Purpose: Artificial Intelligence (AI) algorithms often lack uncertainty estimation for classification tasks. Uncertainty estimation may however be an important requirement for clinical adoption of AI algorithms. In this study, we integrate a method for uncertainty estimation into a previously developed AI algorithm and investigate the performance when applying different uncertainty thresholds.
Methods and materials: We used a retrospective external validation dataset from the Danish Lung Cancer Screening Trial, containing 818 benign and 65 malignant nodules. Our previously developed AI algorithm for nodule malignancy risk estimation was extended with a method for measuring the prediction uncertainty. The uncertainty score (UnS) was calculated by measuring the standard deviation over 20 different predictions of an ensemble of AI models. Two UnS thresholds at the 90th and 95th percentile were applied to retain 90% and 95% of all cases as certain, respectively. For these scenarios, we calculated the area under the ROC curve (AUC) for certain and uncertain cases, and for the full set of nodules.

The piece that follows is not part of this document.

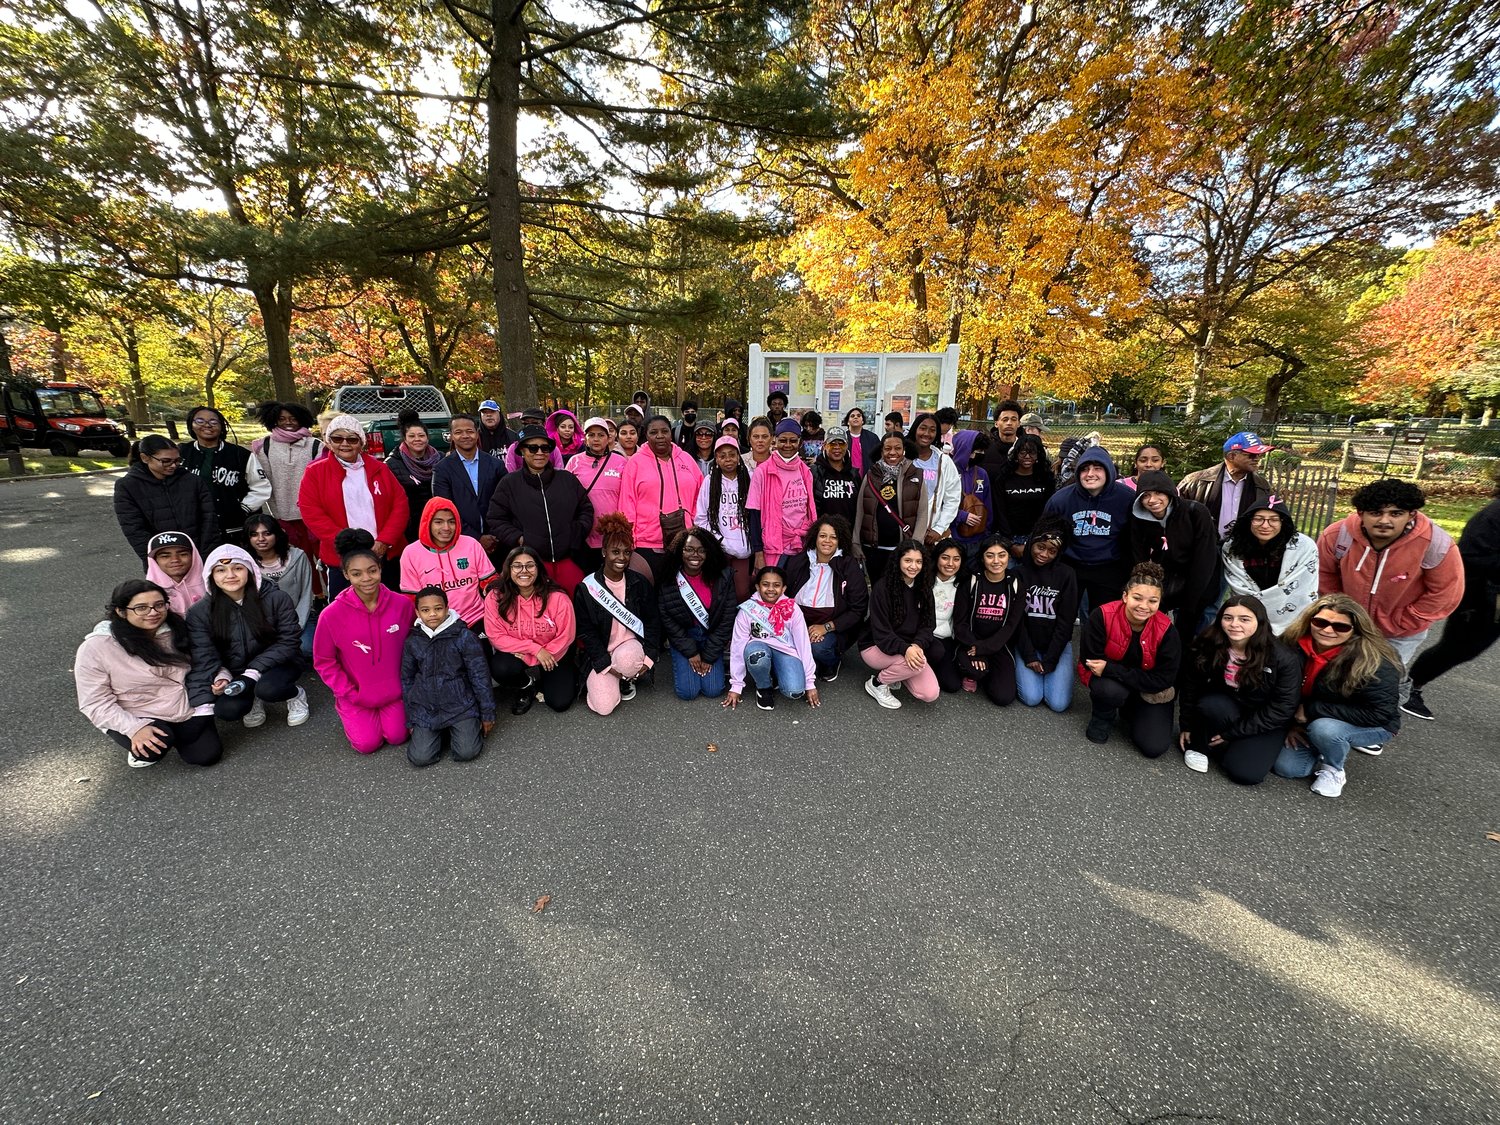 Dozens of participants showed up for the inaugural Dr. Elsy Mecklembourg-Guibert Breast Cancer Walk and dressed in pink for the cause.
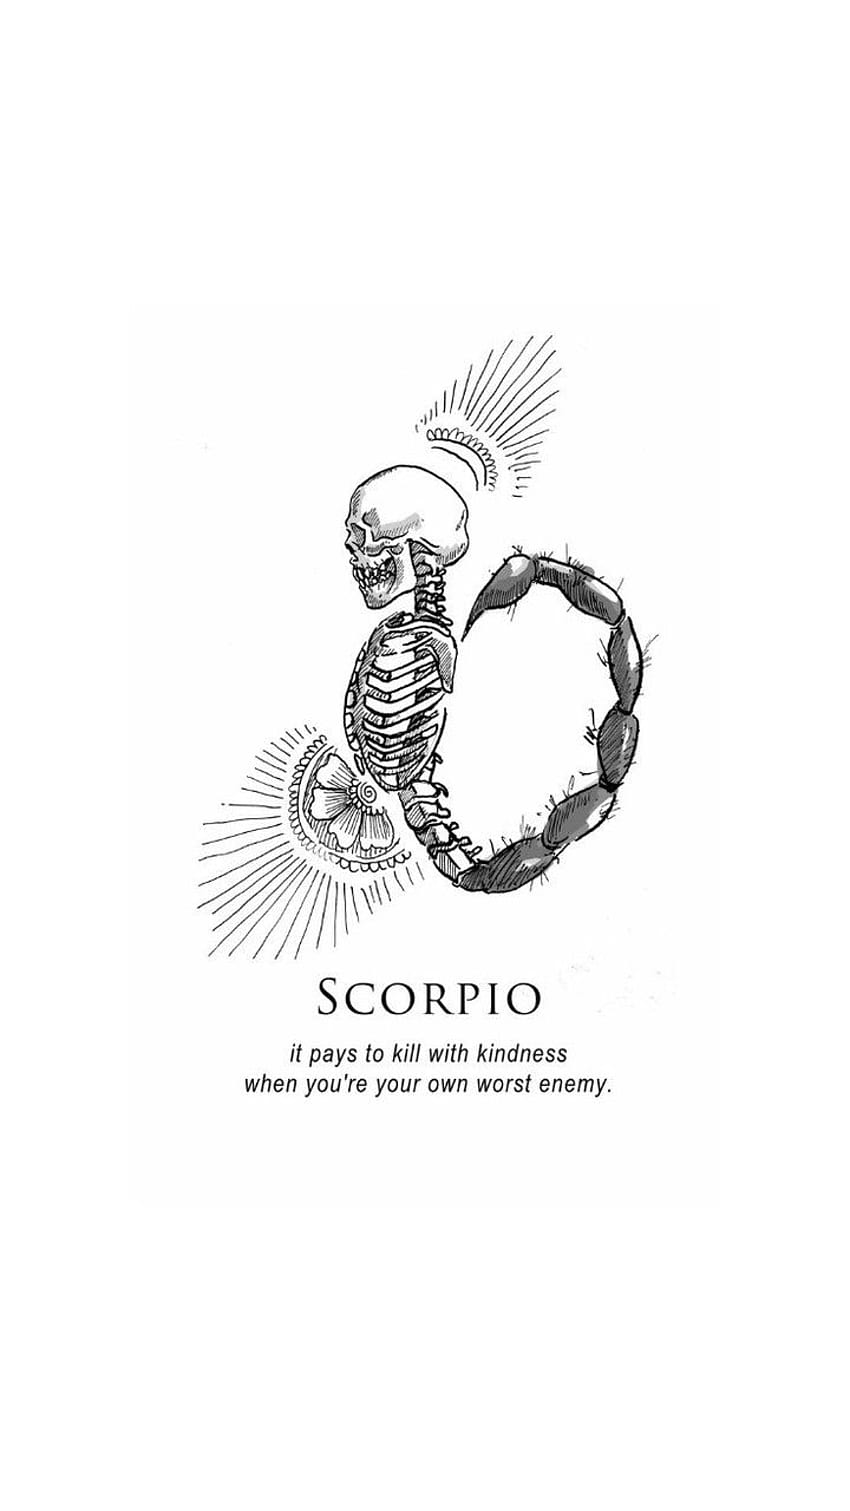 An illustration of a scorpion with the caption

Results: On the full set of 883 nodules, the AUC of the AI risk score was 0.932. For the 90th and 95th percentile, the AUC of the AI risk score for certain cases was 0.934 and 0.935, respectively, and for the uncertain cases was 0.710 and 0.688, respectively.
Conclusion: In this retrospective data set, we demonstrate that integrating an uncertainty estimation method into a deep learning-based nodule malignancy risk estimation algorithm slightly increased the performance on certain cases. The AI performance is substantially worse on uncertain cases and therefore in need of human visual review.
Limitations: This study is a retrospective analysis on data from one single lung cancer screening trial. More external validation is needed.